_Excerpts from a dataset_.
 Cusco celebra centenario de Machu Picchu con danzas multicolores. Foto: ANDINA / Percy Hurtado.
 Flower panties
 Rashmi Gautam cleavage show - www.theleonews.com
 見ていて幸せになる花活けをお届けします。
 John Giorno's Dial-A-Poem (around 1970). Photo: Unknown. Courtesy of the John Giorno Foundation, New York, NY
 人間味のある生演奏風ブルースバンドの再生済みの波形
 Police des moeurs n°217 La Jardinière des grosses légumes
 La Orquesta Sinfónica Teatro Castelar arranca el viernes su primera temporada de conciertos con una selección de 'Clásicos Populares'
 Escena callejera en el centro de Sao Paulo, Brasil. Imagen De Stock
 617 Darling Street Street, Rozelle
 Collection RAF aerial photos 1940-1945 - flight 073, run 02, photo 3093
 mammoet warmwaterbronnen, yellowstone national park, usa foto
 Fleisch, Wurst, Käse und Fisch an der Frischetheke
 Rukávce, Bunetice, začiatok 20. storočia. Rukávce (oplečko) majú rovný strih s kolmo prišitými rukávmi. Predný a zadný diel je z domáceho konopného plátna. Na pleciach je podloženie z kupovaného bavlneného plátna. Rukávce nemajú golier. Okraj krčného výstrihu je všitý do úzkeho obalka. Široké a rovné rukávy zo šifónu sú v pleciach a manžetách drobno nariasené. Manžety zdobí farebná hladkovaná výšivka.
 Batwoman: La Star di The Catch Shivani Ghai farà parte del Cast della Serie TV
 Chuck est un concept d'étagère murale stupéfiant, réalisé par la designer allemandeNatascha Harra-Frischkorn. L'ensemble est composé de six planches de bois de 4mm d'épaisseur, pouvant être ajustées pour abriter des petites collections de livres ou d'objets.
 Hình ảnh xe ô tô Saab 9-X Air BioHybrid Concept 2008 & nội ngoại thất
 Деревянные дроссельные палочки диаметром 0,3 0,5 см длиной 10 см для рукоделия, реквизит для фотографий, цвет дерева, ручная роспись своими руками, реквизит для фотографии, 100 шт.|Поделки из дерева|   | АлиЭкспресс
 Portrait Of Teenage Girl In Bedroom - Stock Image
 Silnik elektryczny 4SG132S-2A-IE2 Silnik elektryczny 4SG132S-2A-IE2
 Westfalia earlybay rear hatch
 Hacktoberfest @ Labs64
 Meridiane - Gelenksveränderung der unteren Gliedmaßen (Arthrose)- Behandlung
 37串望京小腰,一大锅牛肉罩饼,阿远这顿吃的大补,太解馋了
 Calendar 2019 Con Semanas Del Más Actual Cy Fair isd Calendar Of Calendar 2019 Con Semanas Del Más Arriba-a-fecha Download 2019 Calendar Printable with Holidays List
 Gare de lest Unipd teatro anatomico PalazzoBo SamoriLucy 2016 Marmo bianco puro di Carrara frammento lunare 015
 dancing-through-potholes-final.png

_ACTIVITY_. Copy the lines above exactly, from the very first through the one containing "Fleisch, Wurst, Käse", and include no other line.

_RESPONSE BELOW_.
 Cusco celebra centenario de Machu Picchu con danzas multicolores. Foto: ANDINA / Percy Hurtado.
 Flower panties
 Rashmi Gautam cleavage show - www.theleonews.com
 見ていて幸せになる花活けをお届けします。
 John Giorno's Dial-A-Poem (around 1970). Photo: Unknown. Courtesy of the John Giorno Foundation, New York, NY
 人間味のある生演奏風ブルースバンドの再生済みの波形
 Police des moeurs n°217 La Jardinière des grosses légumes
 La Orquesta Sinfónica Teatro Castelar arranca el viernes su primera temporada de conciertos con una selección de 'Clásicos Populares'
 Escena callejera en el centro de Sao Paulo, Brasil. Imagen De Stock
 617 Darling Street Street, Rozelle
 Collection RAF aerial photos 1940-1945 - flight 073, run 02, photo 3093
 mammoet warmwaterbronnen, yellowstone national park, usa foto
 Fleisch, Wurst, Käse und Fisch an der Frischetheke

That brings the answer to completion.